Maybe it doesn't need upgrading?  There are about 800 packages on here. 

 :Very Happy:   :Very Happy: 

----------

## billydv

I have 2500 packages!!

----------

## dalek

 *billydv wrote:*   

> I have 2500 packages!!

 

 HOLY CRAP !!!   

----------

## billydv

Just wanted to say that I used this script again this week and it still works great!!!!

----------

## Simba7

Holy crap, Batman! Digging up a 4 year old thread?

Not to mention, who the hell uses the old 2006.1 profile anyway? I ditched that 3 1/2 years ago. Is there *ANY* benefit from using it vs. the latest ones? I don't see any on my end (besides willingly giving yourself a massive migraine).

----------

## dalek

 *Simba7 wrote:*   

> Holy crap, Batman! Digging up a 4 year old thread?
> 
> Not to mention, who the hell uses the old 2006.1 profile anyway? I ditched that 3 1/2 years ago. Is there *ANY* benefit from using it vs. the latest ones? I don't see any on my end (besides willingly giving yourself a massive migraine).

 

I'm using the latest profile and the script still works.  It's not about the profile, it's about the script.  The person posted because they used the script and it worked so they posted that it worked. 

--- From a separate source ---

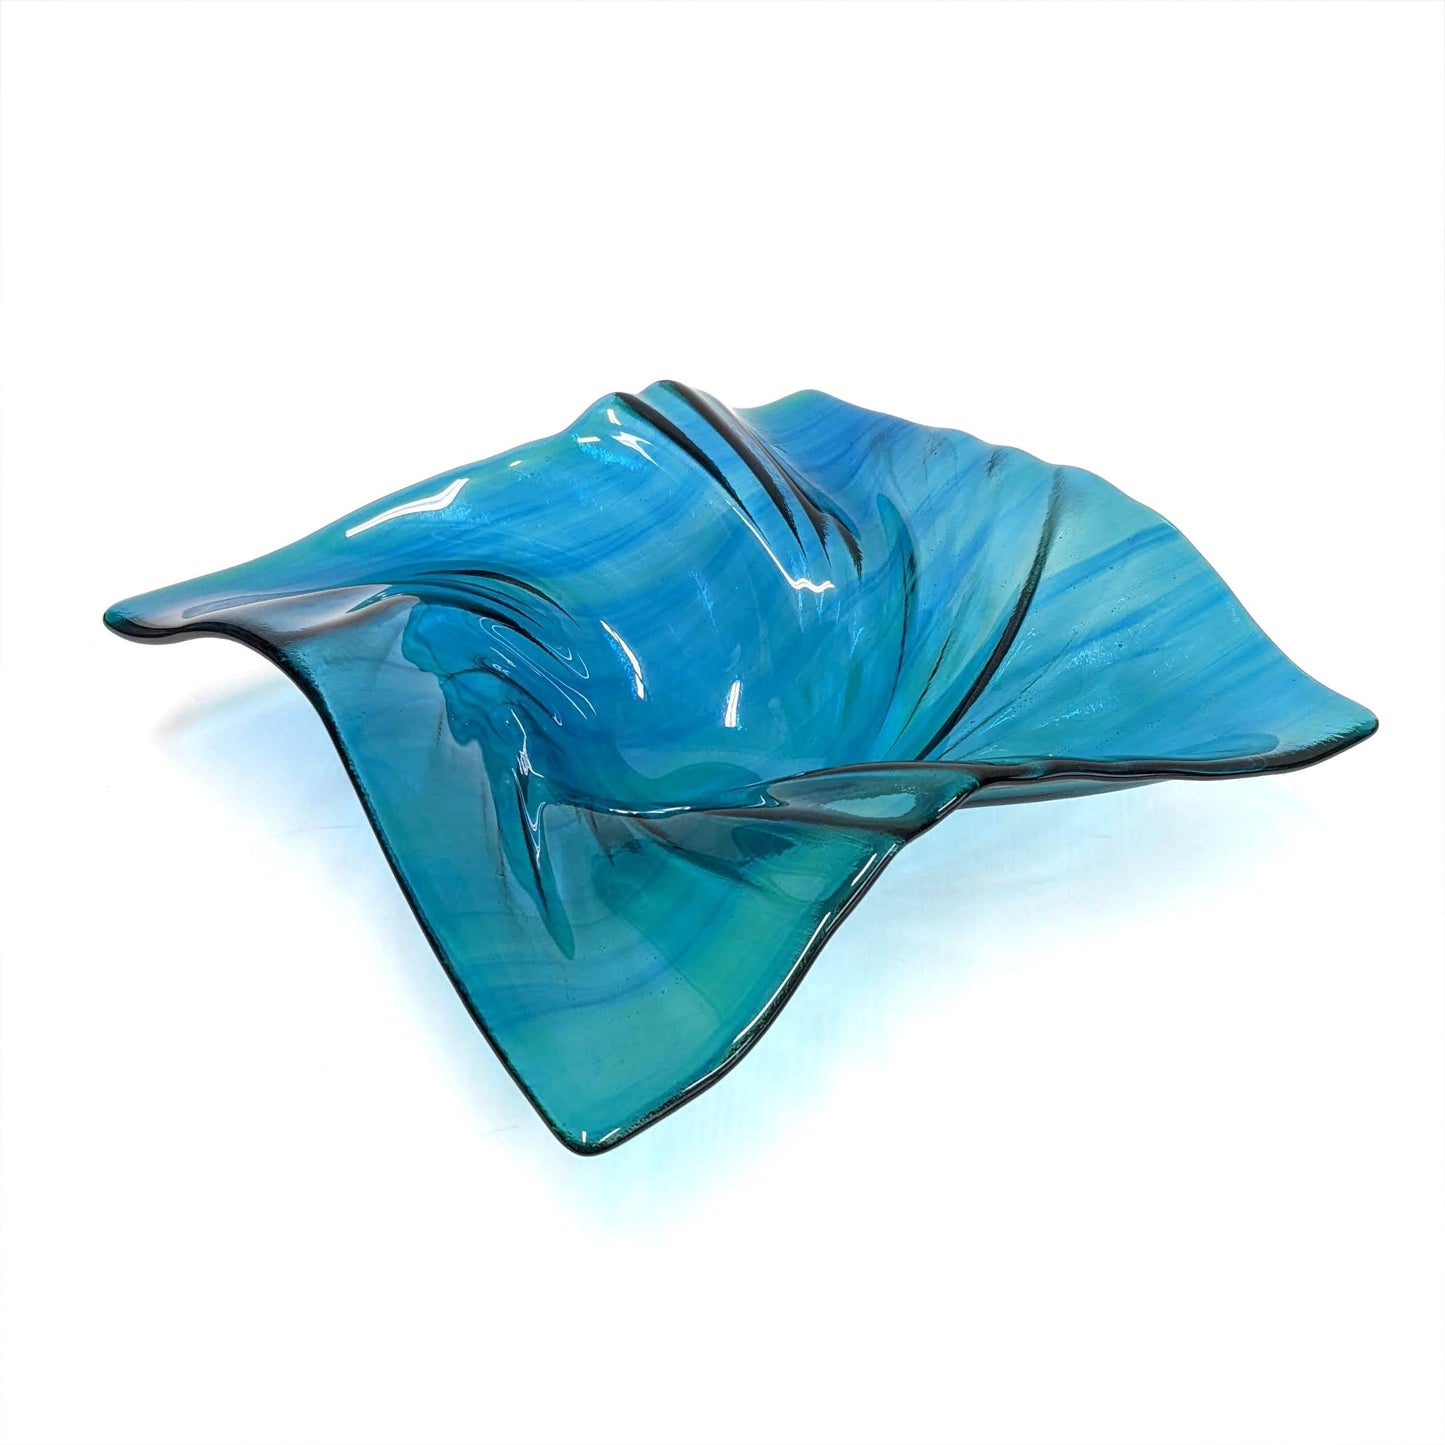 Aqua Teal Turquoise Glass Art Wave Bowl

 :Very Happy:   :Very Happy: 

----------

## billydv

Yes, Indeed the script still works. I just used it last week when I upgraded my box to a quad core amd with new c flags.

----------

## anonybosh

I have used this script quite a few times to date, thanks Guenther!

However, I just noticed a bug:

When using color output (specifically when set globally in the make.conf: EMERGE_DEFAULT_OPTS=" --color y") the recompile-remaining-packages script that is generated includes the color codes around each package name. For some reason, the end of the color tag is interpreted as an 's', and so all package names become invalid when emerge is run.

An easy workaround is of course to just disable color output during the use of the base script.

----------